## [Work required]
Repeat the lines below exactly as written, please, from the line with "Black friday 2020 DK ny" to the line with "Silikonové pouzdro na", both lines included, and no others.

Records excerpted from a collection
• • • •
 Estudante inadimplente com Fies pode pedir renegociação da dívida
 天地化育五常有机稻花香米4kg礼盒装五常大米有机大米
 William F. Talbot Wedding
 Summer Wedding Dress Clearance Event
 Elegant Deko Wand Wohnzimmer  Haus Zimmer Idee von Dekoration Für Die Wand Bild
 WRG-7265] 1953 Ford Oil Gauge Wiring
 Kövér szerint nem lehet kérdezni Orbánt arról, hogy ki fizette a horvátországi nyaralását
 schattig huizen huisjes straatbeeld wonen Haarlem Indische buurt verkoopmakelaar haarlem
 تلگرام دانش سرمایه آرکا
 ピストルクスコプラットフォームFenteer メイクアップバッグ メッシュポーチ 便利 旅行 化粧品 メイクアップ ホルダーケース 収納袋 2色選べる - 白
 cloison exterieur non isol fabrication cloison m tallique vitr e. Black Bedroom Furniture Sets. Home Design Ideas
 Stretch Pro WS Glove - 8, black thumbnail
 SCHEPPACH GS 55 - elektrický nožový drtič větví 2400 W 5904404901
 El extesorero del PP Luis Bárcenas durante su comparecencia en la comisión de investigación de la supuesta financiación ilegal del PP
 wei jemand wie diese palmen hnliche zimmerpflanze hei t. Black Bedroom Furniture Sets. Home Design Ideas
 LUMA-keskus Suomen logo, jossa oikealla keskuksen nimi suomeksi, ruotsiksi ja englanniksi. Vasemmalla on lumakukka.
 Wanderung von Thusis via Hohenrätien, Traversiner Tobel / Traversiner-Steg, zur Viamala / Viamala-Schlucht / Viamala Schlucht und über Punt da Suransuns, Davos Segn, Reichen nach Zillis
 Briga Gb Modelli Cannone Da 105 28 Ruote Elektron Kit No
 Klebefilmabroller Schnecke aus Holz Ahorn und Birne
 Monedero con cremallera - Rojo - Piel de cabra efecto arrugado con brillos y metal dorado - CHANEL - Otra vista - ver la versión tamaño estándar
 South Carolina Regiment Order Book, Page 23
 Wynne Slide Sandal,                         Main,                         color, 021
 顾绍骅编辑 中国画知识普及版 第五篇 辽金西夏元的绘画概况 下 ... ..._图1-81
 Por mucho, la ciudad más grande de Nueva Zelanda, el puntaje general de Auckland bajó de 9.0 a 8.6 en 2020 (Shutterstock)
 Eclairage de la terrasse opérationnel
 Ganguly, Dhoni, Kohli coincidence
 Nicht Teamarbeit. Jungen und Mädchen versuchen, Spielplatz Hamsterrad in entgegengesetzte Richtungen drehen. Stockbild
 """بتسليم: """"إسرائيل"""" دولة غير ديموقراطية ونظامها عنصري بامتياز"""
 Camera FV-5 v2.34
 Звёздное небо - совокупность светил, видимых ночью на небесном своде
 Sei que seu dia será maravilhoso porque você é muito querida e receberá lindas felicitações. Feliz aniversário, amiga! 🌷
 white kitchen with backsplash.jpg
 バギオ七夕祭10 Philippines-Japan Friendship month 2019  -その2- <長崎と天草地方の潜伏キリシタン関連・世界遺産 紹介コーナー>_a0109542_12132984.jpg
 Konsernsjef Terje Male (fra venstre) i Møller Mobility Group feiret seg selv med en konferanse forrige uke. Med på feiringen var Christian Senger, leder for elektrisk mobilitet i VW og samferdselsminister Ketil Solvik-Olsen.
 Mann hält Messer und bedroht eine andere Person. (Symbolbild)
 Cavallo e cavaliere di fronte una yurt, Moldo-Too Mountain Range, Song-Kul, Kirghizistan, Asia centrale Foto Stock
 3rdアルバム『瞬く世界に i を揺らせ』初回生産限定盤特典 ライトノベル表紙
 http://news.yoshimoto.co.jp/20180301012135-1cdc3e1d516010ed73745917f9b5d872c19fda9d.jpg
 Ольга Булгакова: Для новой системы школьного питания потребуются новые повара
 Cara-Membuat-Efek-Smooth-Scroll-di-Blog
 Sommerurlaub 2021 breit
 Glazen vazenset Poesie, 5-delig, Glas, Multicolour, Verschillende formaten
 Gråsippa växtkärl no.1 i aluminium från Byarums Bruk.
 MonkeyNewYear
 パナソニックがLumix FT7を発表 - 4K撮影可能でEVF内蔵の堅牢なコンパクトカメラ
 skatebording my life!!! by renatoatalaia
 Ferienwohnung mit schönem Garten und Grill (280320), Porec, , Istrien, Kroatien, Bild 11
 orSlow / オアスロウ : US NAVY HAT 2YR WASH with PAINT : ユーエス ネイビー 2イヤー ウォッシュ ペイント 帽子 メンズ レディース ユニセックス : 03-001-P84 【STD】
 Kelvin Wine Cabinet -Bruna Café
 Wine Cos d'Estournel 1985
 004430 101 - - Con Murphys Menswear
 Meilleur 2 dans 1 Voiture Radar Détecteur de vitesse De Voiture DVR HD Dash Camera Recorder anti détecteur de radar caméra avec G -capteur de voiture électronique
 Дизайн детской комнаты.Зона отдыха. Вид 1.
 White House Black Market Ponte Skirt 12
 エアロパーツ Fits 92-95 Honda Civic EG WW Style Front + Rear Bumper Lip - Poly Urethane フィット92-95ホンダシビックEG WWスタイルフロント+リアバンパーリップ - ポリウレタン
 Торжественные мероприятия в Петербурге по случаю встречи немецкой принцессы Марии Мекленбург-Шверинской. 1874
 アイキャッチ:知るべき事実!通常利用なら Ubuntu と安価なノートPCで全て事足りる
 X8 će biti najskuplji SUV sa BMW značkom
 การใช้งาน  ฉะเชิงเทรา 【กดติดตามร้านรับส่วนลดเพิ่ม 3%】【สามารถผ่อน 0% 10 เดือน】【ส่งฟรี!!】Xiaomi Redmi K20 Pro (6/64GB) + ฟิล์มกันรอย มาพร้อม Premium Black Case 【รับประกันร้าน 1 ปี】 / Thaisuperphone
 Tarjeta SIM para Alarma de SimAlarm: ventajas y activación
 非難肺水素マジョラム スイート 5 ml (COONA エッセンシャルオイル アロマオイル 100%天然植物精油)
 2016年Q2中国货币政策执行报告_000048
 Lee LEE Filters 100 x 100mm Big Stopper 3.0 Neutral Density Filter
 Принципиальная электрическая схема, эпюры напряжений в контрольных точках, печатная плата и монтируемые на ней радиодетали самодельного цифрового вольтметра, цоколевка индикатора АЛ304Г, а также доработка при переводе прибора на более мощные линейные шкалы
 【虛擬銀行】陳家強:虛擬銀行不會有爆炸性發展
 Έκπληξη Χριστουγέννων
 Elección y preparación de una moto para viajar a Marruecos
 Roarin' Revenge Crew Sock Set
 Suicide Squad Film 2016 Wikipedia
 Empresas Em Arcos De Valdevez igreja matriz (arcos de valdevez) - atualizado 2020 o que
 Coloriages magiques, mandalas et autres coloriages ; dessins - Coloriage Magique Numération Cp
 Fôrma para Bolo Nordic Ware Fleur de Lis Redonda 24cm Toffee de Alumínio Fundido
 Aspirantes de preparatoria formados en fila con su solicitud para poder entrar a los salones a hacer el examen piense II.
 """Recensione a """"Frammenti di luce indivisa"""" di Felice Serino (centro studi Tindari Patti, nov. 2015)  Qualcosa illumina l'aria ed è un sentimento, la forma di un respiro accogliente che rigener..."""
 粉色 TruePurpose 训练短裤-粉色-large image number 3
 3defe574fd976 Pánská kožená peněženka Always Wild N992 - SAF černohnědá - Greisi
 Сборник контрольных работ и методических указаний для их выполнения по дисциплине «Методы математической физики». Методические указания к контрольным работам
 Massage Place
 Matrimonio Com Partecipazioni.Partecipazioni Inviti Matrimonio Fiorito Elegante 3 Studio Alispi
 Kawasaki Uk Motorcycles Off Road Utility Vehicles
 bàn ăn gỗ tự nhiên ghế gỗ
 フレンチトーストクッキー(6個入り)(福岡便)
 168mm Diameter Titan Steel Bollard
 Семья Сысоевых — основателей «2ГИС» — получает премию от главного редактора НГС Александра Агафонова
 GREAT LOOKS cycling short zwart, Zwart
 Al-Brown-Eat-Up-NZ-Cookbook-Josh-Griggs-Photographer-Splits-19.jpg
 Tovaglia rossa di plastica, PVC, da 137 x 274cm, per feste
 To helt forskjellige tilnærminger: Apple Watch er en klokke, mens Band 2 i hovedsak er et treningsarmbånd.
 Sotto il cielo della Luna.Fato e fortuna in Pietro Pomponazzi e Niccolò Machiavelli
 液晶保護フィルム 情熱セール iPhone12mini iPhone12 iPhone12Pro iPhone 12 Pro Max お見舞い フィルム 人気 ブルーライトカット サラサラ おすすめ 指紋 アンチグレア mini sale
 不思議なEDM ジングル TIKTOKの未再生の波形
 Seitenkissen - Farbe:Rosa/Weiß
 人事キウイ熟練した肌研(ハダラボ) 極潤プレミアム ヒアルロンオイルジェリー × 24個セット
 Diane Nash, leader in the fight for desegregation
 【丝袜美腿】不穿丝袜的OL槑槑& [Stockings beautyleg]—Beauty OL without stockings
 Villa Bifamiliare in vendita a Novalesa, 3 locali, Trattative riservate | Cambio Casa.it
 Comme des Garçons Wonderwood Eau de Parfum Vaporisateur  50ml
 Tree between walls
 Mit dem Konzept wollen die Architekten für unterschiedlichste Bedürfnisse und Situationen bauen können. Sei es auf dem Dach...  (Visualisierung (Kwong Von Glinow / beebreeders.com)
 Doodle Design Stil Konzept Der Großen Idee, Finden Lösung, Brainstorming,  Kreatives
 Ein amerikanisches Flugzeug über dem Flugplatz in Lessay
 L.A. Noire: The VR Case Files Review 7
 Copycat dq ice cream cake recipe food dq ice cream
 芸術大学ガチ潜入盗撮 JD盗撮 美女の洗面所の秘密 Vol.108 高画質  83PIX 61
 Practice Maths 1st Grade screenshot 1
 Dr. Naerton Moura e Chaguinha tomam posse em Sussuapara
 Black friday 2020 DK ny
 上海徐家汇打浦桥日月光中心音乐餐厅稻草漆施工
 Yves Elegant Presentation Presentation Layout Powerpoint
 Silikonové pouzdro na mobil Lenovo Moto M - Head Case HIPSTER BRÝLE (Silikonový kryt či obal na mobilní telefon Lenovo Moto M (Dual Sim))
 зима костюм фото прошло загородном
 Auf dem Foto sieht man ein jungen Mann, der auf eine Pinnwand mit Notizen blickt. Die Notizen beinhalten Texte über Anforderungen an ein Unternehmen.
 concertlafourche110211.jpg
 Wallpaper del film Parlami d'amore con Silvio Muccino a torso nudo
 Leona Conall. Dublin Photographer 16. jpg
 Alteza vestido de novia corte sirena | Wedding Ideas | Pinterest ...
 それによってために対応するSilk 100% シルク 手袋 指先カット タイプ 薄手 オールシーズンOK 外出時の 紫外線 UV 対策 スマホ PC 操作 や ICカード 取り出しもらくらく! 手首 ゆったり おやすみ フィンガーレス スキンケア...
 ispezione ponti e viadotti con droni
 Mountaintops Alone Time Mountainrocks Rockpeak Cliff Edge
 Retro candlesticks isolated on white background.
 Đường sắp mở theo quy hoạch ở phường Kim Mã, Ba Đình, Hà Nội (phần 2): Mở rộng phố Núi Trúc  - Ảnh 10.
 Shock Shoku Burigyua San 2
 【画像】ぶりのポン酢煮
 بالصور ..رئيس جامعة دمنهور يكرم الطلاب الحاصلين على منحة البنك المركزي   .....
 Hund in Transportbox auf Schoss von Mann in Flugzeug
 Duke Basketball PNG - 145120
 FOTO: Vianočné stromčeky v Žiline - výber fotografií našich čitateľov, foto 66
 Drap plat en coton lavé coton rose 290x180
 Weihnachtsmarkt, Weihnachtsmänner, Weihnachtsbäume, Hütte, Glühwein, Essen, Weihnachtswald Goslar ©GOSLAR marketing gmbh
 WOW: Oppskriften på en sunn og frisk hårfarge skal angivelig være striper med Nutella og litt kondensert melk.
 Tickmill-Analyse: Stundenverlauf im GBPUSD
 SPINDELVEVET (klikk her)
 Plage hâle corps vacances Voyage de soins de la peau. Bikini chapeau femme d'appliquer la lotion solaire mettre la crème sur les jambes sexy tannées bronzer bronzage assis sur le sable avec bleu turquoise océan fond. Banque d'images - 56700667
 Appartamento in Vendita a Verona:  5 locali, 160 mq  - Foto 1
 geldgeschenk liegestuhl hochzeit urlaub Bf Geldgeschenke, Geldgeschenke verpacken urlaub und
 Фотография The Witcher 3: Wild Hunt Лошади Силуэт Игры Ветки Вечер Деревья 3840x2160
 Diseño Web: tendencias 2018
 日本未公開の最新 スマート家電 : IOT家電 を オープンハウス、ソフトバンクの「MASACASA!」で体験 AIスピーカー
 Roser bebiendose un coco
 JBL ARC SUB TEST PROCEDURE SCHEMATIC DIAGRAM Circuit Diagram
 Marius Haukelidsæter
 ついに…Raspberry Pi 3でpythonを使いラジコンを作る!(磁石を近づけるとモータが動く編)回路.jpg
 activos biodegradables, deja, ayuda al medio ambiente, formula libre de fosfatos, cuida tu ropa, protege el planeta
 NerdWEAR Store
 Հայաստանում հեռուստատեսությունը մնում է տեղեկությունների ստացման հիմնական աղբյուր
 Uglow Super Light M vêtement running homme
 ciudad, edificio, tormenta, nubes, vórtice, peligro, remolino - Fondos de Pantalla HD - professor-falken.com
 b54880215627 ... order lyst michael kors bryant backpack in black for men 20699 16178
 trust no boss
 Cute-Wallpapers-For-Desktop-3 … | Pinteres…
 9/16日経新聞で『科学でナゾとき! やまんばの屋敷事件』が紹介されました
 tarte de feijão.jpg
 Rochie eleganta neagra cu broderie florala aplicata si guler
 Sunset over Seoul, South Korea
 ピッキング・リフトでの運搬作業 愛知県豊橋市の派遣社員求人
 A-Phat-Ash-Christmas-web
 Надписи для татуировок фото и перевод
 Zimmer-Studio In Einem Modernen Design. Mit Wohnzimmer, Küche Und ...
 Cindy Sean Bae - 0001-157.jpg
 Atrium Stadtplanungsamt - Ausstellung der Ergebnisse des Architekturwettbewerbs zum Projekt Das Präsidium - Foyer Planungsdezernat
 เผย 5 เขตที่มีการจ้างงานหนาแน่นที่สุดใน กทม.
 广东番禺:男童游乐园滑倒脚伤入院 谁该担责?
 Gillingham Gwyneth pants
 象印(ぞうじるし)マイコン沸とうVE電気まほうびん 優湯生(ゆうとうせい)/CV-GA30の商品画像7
• • • •
## [Output of the exercise]
 Black friday 2020 DK ny
 上海徐家汇打浦桥日月光中心音乐餐厅稻草漆施工
 Yves Elegant Presentation Presentation Layout Powerpoint
 Silikonové pouzdro na mobil Lenovo Moto M - Head Case HIPSTER BRÝLE (Silikonový kryt či obal na mobilní telefon Lenovo Moto M (Dual Sim))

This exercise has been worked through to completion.